This week we are excited to bring to you part 5 of our series, 10 Keys to a Successful IWMS Integration: Understanding your Business Process. If you haven’t read the previous article, read Part 4: Standards here.
Business processes are a set of structured activities or tasks that will accomplish the goals a company has. All successful companies have a business process implemented that they consistently follow.
What does a business process have to do with IWMS?
An IWMS contains workflows for carrying out various, organization-specific processes.
Each IWMS has levels of capability and customization,
which can be tailored to meet a specific organization’s business process.
Therefore, in order to most successfully implement an IWMS into your
organization, it is crucial to examine and refine your current business
process, then select a system that is powerful and flexible enough to not only fit into your current business process, but to optimize it!
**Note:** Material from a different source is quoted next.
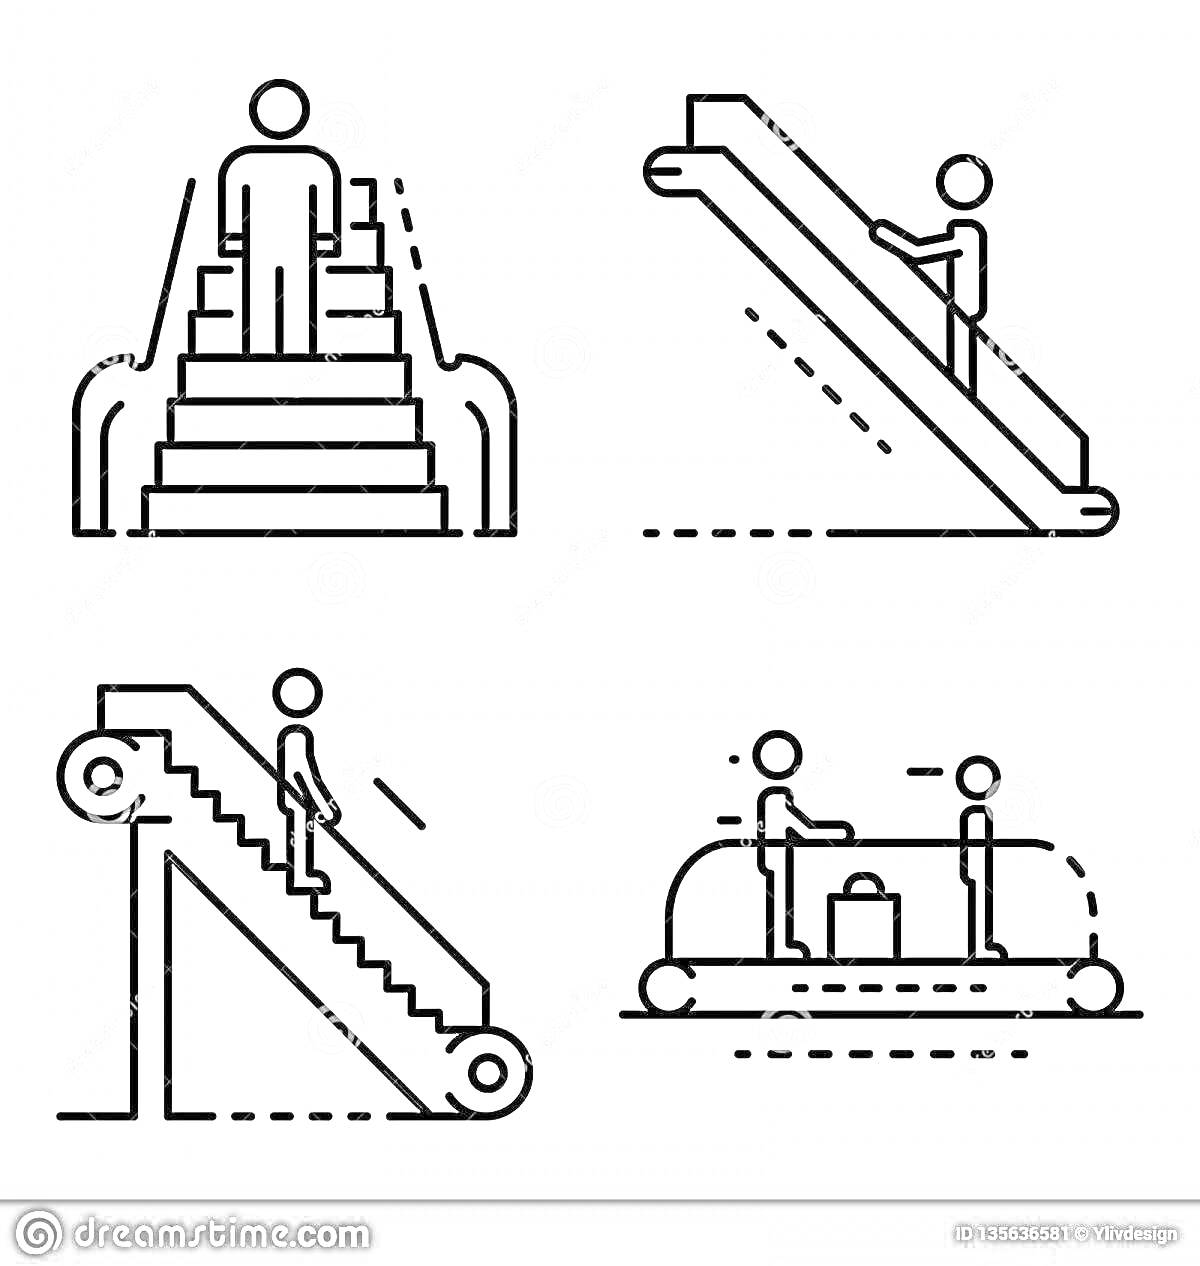 Раскраска Четыре вида движения при помощи эскалатора и лестницы – человек на лестнице, человек на эскалаторе, рисунок сбоку человека на эскалаторе, люди на движущейся дорожке с багажом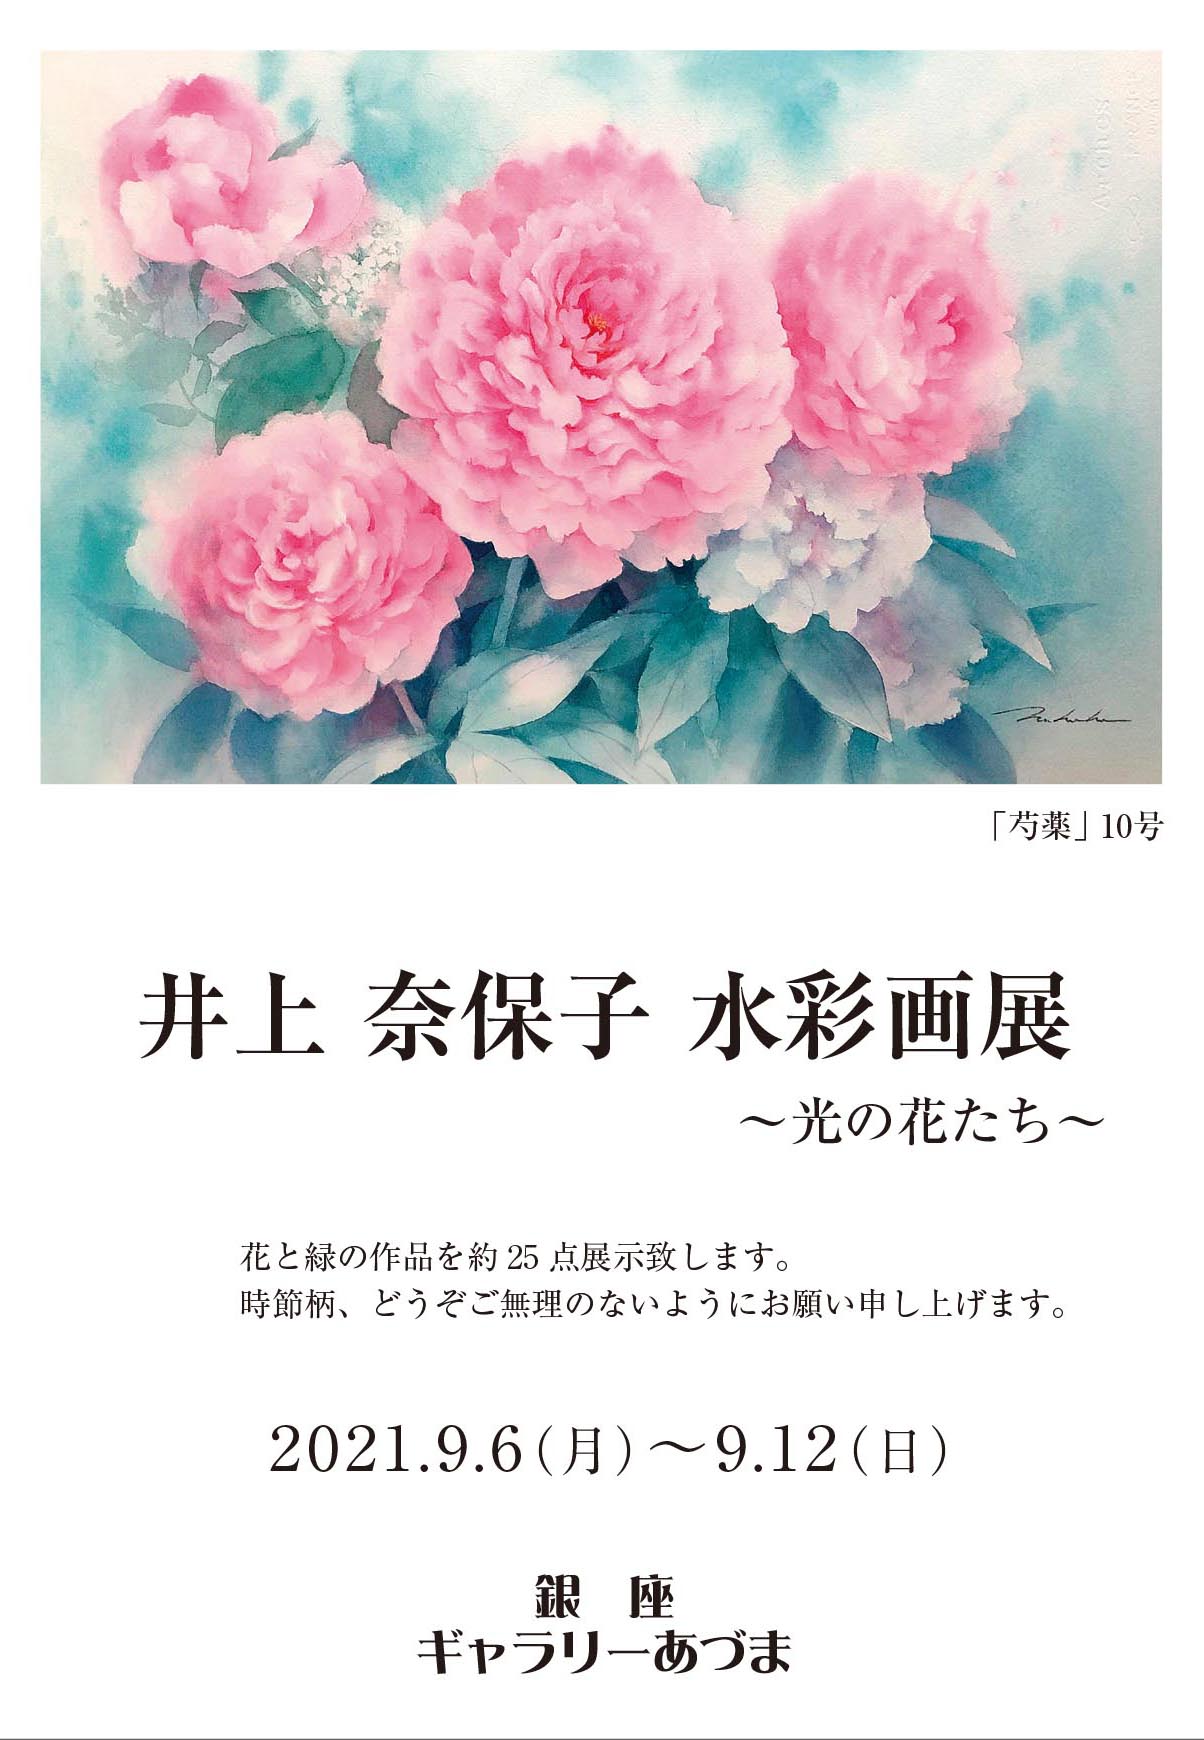 井上奈保子 水彩画展～光の花たち～ » アート・絵画の販売 (日本橋アート)

Though many IWMS systems are flexible enough to accommodate
a business’ current processes, others require businesses to change their
process in order to fit the capabilities of the system.
Example 1: Work Orders
Computerized Maintenance Management System) maintains a computer database of information about an organization’s maintenance operations and work orders. Some work orders are preventative maintenance, which means they are generally a scheduled event fired off on a set increment (3 months, 1 month, 1 week, etc). When the scheduled work order is initiated, a specific business process, or workflow, will trigger.
One such workflow might be that the work order is sent to a dispatcher, who would then pass it off to the proper supervisor, who would then assign it to a craftsperson to accomplish the job. Once the craftsperson has completed the job, s/he will update it in the system, which will indicate that the job is complete. Then finally, the supervisor will review the job and send it to Accounts Payable to be closed out.
On the other hand, a less complicated workflow might have the work order sent directly to the craftsperson, notifying the supervisor but bypassing the dispatcher. So the work can begin immediately.
Within a flexible IWMS, the workflow should be able to be modified so that it suits however simple or complicated your business process is.
Example 2: Required Estimate & Approval
Consider an activity for which an estimate and approval is
required. In many cases, this means that:
- A work request is generated
- A threshold is met that triggers the need for an estimate
- The estimate request is routed to the estimator
- The estimate is completed and routed to the approver
- The approver accepts the estimate and routes the request to the supervisor
- The supervisor routes this to the craftsperson
When this happens, the estimate often generates a second
approval, which is dropped into a similar dispatching process as described in example one
before, requiring various hand-offs and approvals.
In both of the above examples, a more flexible IWMS could
help work on an
activity to commence (and likely finish) even sooner.
Having a firm understanding of your business process allows you to select an IWMS that is flexible enough to meet your company’s needs. A successful IWMS implementation will accept your business process in such a way that the system can be modified so there is very little disturbance to the work force.
If you have bought a system that is not robust enough to meet the needs of your company’s business process, you may have to alter the what is currently in place or look to another IWMS system.
The benefits of selecting a flexible IWMS are clear – it can
easily make any organization more efficient and alleviate unnecessary
responsibilities. However, the vital aspect of every successful IWMS
implementation is to first familiarize yourself with your current
business process. Doing so will allow you to adopt a system that can meet or (ideally) optimize workflows and streamline your entire enterprise!